Trusts enable one person to provide for someone else without giving the second individual control over the assets within the trust. What is a special needs trust, then? Special needs trusts benefit an individual with special medical or care needs. Critically, through a special needs trust, you can provide financial support to a person with disabilities without disqualifying them from essential government benefits such as Medicaid and Supplemental Security Income (SSI). 

At Tavss Fletcher, our team understands the importance of careful planning when creating trusts, especially special needs trusts. For over 30 years, our experienced attorneys have helped families and individuals in Virginia and North Carolina. Whether you are considering a special needs trust or have questions about eligibility and funding, our team is here to help.

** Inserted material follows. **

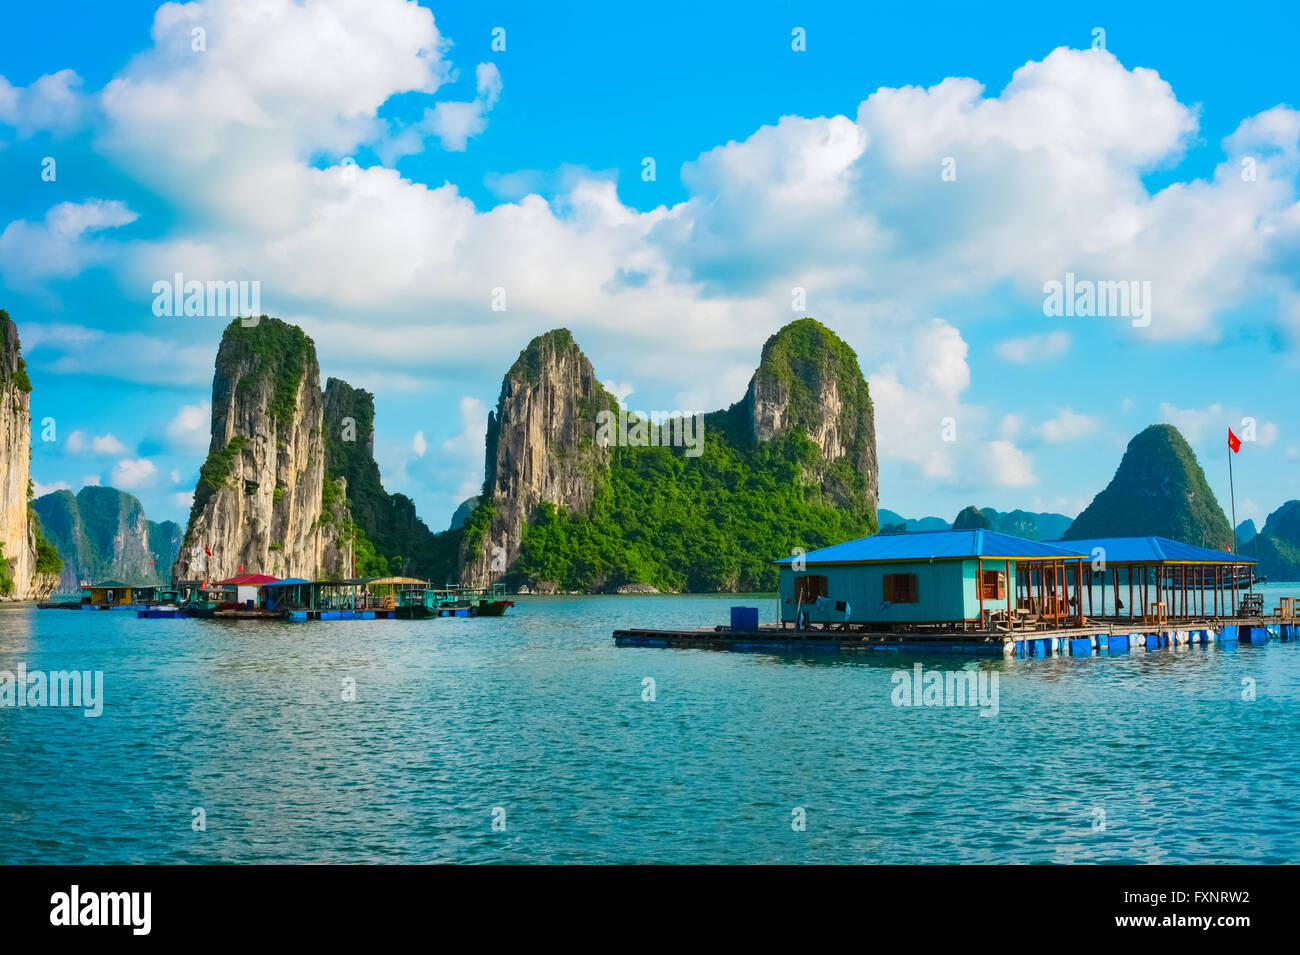 Floating village near rock islands in Halong Bay, Vietnam, Southeast Asia. UNESCO World Heritage Site. Stock Photo
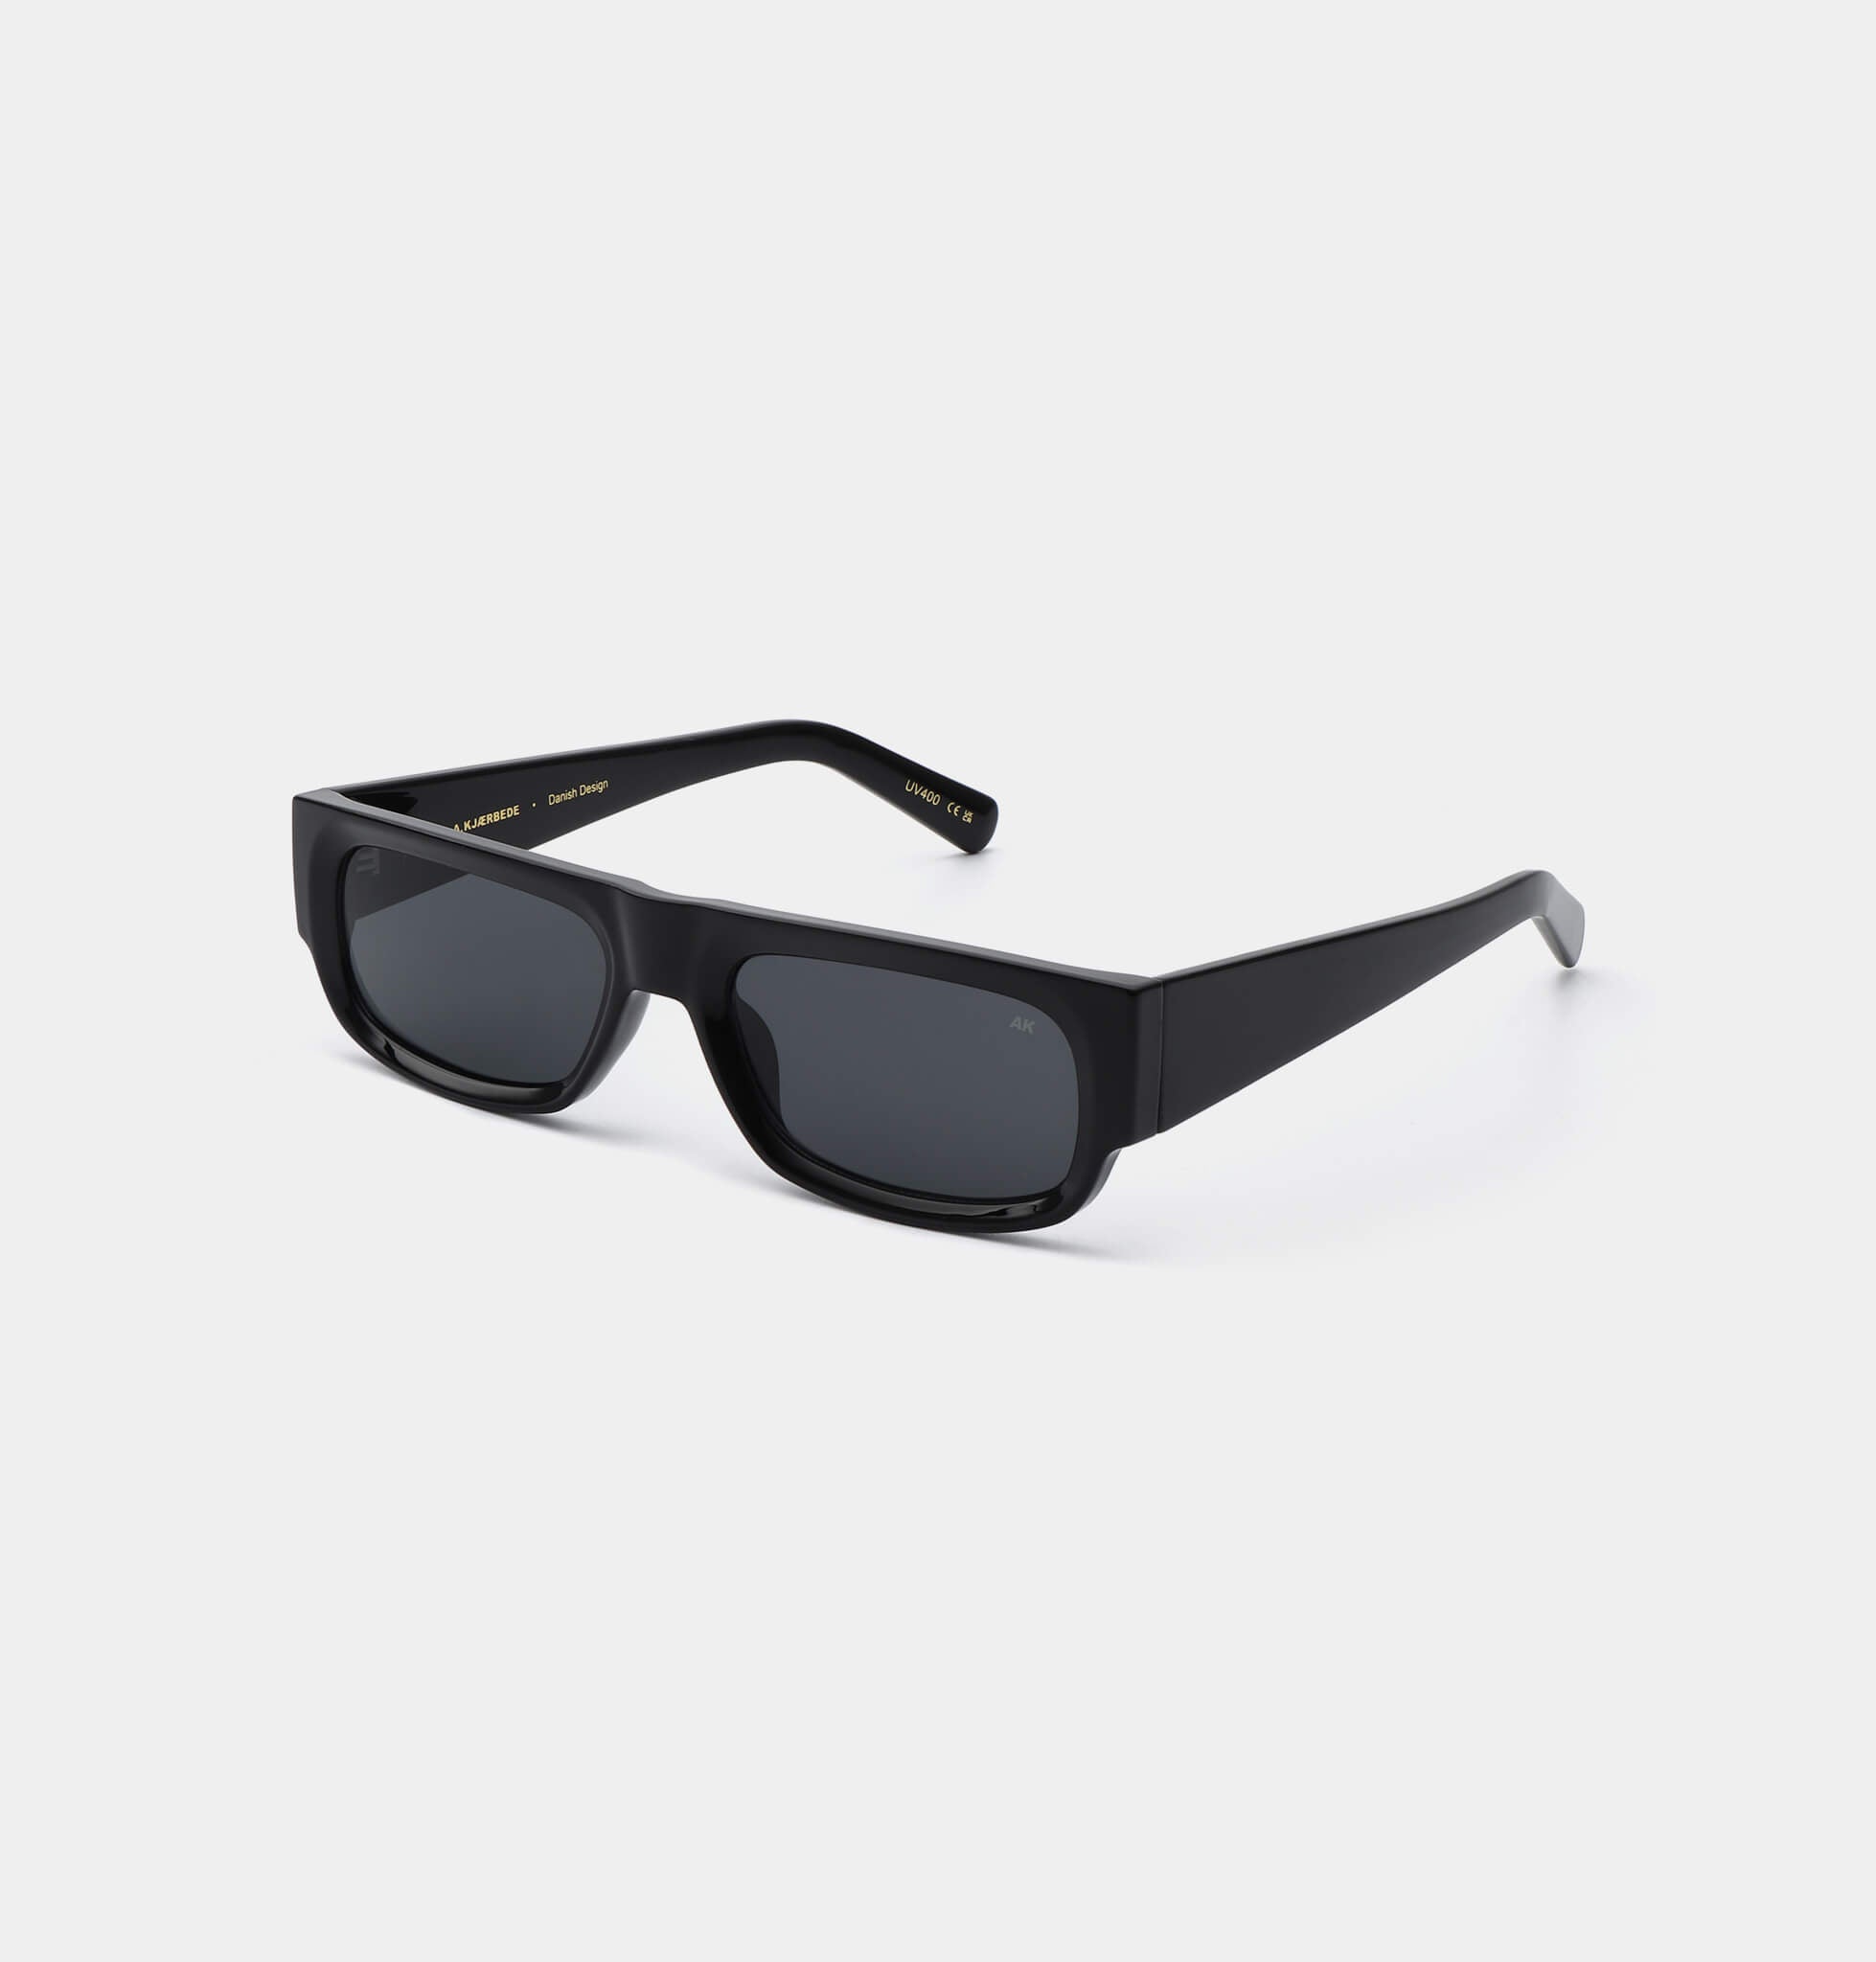 Jean sunglasses in black

Understanding Special Needs Trusts

A special needs trust (SNT), or supplemental needs trust, is a legal arrangement that:

  • Creates a trust to benefit someone with special needs;
  • Includes terms limiting the beneficiary’s (the person with special needs) ability to control assets within; and
  • Relies on a trustee to control and direct trust activity, follow trust terms, and provide for the beneficiary without giving them enough control over assets to jeopardize their public benefits.

The assets in the trust do not count against the beneficiary’s eligibility for public benefits, and the trust can cover expenses that those programs do not.

Types of Special Needs Trusts

Special needs trusts include:

  • First-party SNTs: Funded using the beneficiary’s assets;
  • Third-party SNTs: Funded using someone else’s assets; and
  • Pooled trusts: Managed by a nonprofit organization.

Each type serves the same core purpose: to provide support without jeopardizing access to government benefits.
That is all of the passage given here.